Какая это сила — совершенно ясно. Именно в эти годы Гоголь заканчивал первый том самого важного из своих созданий — «Мертвые души», — течение которого уже совершенно определилось…
Художественная идея, уже нашедшая свой образ, обладает чем-то вроде собственной органической жизни, движется дальше по собственным законам. Созерцание этого стройного движения — процесс почти стихийный, служащий для творца источником высокого удовлетворения. Не забудем, что, по точному показанию Гоголя, первые его юмористические образы даже рождались в минуты душевного угнетения. Теперь, когда окрепшее воображение гения несется в сильной струе живой художественной идеи, его творчество является могучей оздоровляющей силой… Таинственный недуг, все значение которого в вызываемом им душевном угнетении, отступает перед потоком необыкновенного подъема, плавно стремящимся к намеченной цели…
В это время в Гоголе назревали уже идеи «Переписки». В письмах к великосветским друзьям, к «благодатным» Аннам Михайловнам или «благоуханнейшим» Александрам Осиповнам звучали уже странные мысли; слог писем — деланный, искусственный, то напряженно учительный, то неприятно смиренный и слащавый… А чудное художественное произведение подвигается глава за главой в собственном цельном стиле, точно светлое здание над болотистой и мглистой равниной. И нигде в этом создании не заметно ни малейшей трещины. Гениальный смех совершал над туманами свой неудержимый полет. И ни разу его крыло не сделало неверного или слабого взмаха…
VIИ вот победа одержана: в ноябре 1841 года первая часть «Мертвых душ» была закончена. Гоголь почувствовал себя переполненным какой-то возвышенной радостью и придал ей формы, согласные с укоренявшимися в нем мистическими идеями. «Шлю тебе братский поцелуй, — пишет он Данилевскому, — и молю бога, да снидет на тебя хоть часть той свежести, которою объемлется ныне душа моя, восторжествовавшая над болезнями хворого тела».[229]

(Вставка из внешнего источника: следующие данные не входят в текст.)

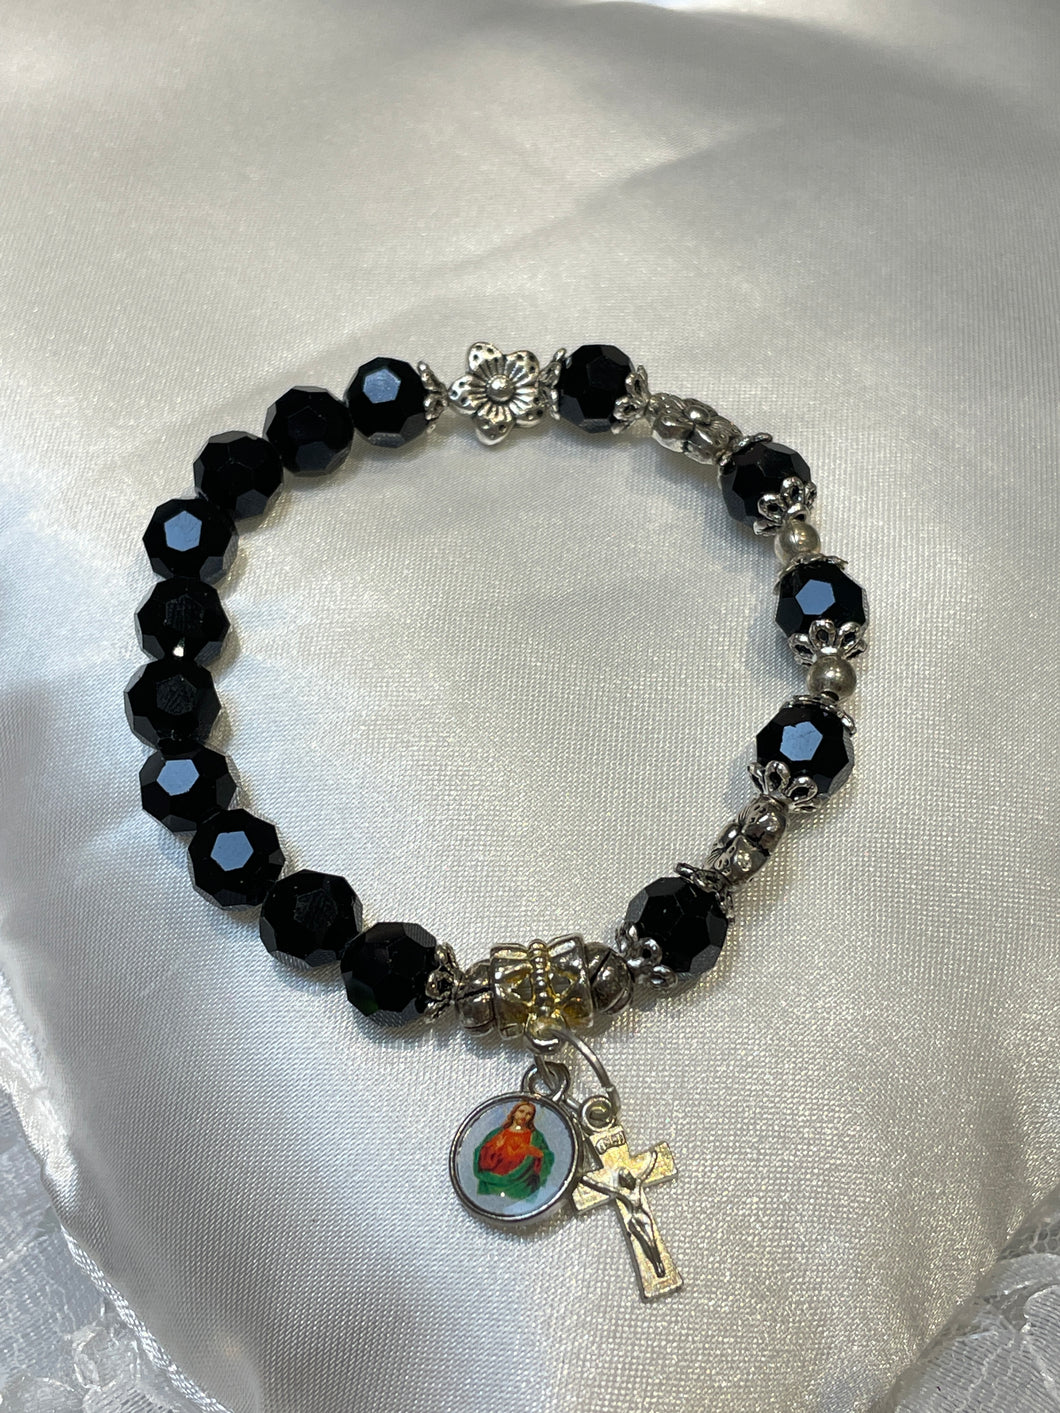 Black Gemstone Rosary Bracelet with Sacred Heart of Jesus Image and Crucifix Charms

Он одержал великую победу духа над слепою силою непонятного недуга, он создал великое творение и веяние спасительного гения считает признаком особенной, лично на него направленной, благодати Провидения. Он допускает даже, что теперь эта благодать непосредственно изливается от него на других. «Я думал о тебе, — пишет он больному Языкову месяца за два до окончания «Мертвых душ», — и мысли мои были светлы…» «Несокрушимая уверенность насчет тебя засела в мою душу… Ничего не в силах я тебе более сказать, как только: «верь словам моим». Есть чудное и непостижимое… Отныне взор твой должен быть светло и бодро устремлен горѐ: для сего была наша встреча…»[230] «Теперь самое главное — крепитесь! — советует он художнику Иванову: — идите бодро! Не падайте духом, иначе будет значить, что вы не помните и не любите меня: а помнящий меня несет силу и крепость в душе».[231] По адресу друга своего Данилевского он часто выражается еще решительнее: «Но слушай: теперь ты должен слушать моего слова, ибо вдвойне властно над тобою мое слово, и горе кому бы то ни было, не слушающему моего слова…» «Властью высшего облечено отныне мое слово…»[232] «Если же что в жизни смутит тебя, наведет беспокойство, сумрак на мысли, вспомни обо мне, и при одном уже твоем напоминании отделится сила в твою душу. Иначе не сильна дружба и вера, обитающая в душе твоей!»[233] И даже В. А. Жуковского он обнадеживает: «Ждите меня! Много расскажу вам прекрасного. Если вы смущены чем-нибудь и что-нибудь земное и преходящее вас беспокоит, то будете отныне тверды и светлы верою в грядущее…»[234]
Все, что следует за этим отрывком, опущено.